Deviation from Negative Liberty
After the terrorist attack on September 11, 2001 and the passing of the USA PATRIOT in 2001 , it can be argued that the United States is shifting from a negative conception of liberty to a positive conception of freedom. According to Matthew Robinson in his paper entitled Freedom in an Era of Terror A Critical Analysis of the USA Patriot Act,  Legal experts have suggested that the USA PATRIOT Act erodes elements of several of the Bill of Rights to the US Constitution. This includes the First Amendment (freedom of speech and assembly), Fourth Amendment (freedom from unreasonable search and seizure), Fifth Amendment (right to due process of law), Sixth Amendment (right to speedy, public, and fair trials, right to confront accusers, and right to a criminal defense), and Eighth Amendment (freedom from excessive and cruel  unusual punishment).

Some of the examples cited are the ability of government agencies to search peoples records such as financial, medical, educational and other personal records. Additionally, the wiretapping of cellphones, telephones and the tracking of emails and website visited are now permitted by the law. More over,  citizens can be detained against their will and refused access to lawyers, based on secret evidence.

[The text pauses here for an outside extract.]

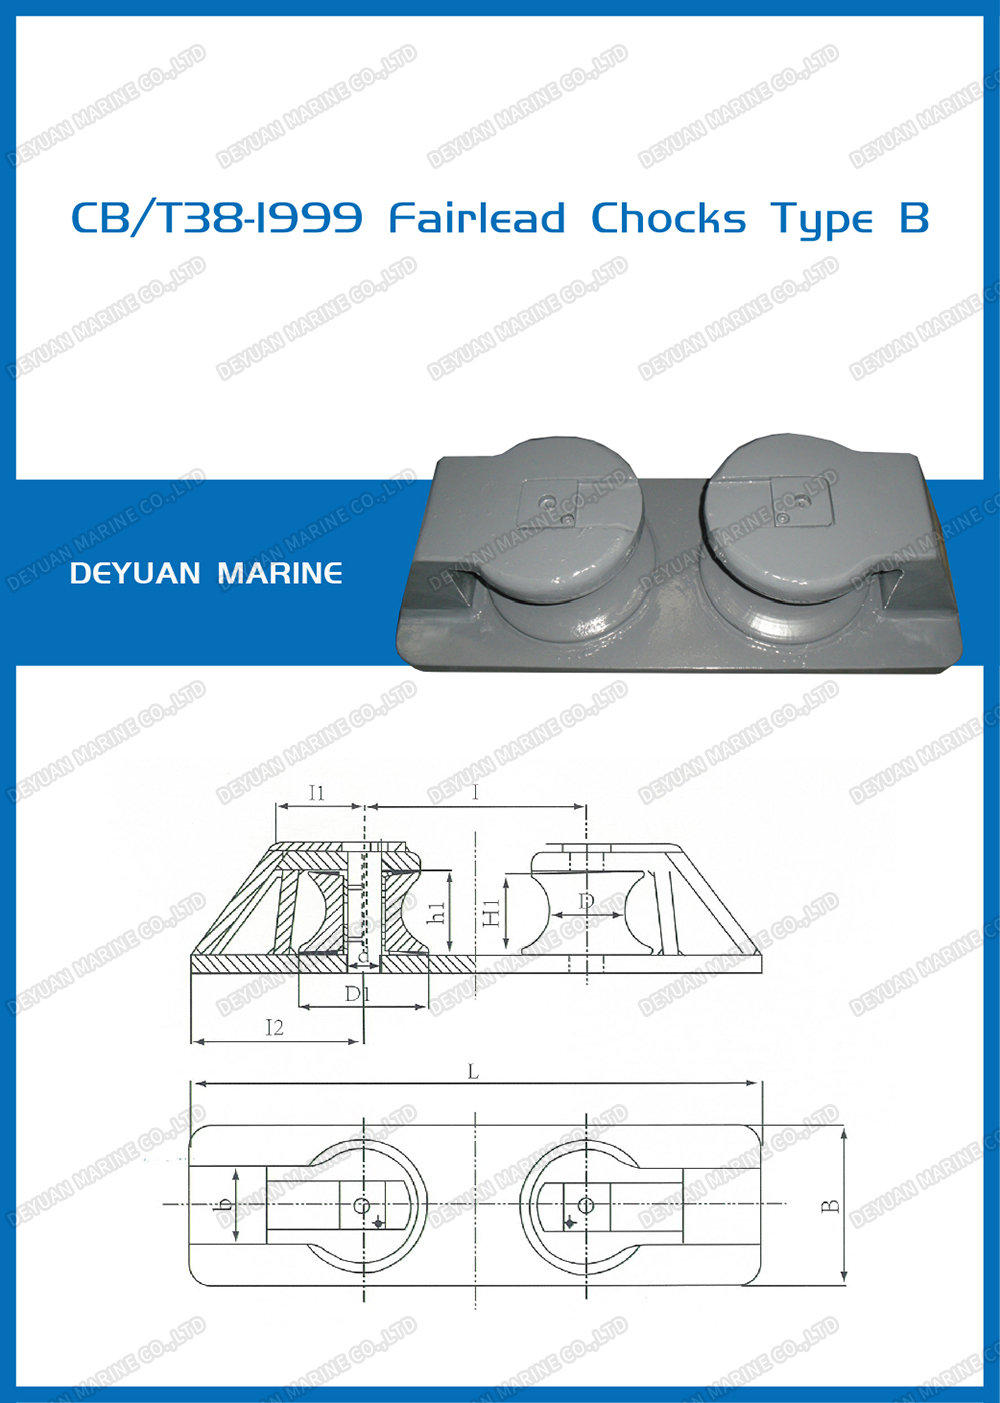 CB/T38-1999 Fairlead Chocks china deyuan marine

It will be safe to say that the United States has a long history of a negative approach to liberty. However, recent events in the history such as the rise of terrorism had triggered a switch from a negative approach to liberty to a positive one. In my opinion, I believe that different circumstances requires different measures and actions. If a negative approach to liberty had managed to fit the historical context in the last 300 years, it does not follow that it will still be best approach in our times today. If the people in the government can justify and prove that a shift to our idea and approach is necessary for us to survive, I am more than willing to give way to the policies and laws inspired by a positive approach to liberty even if it can give us  a little same picture of some of the socialist states.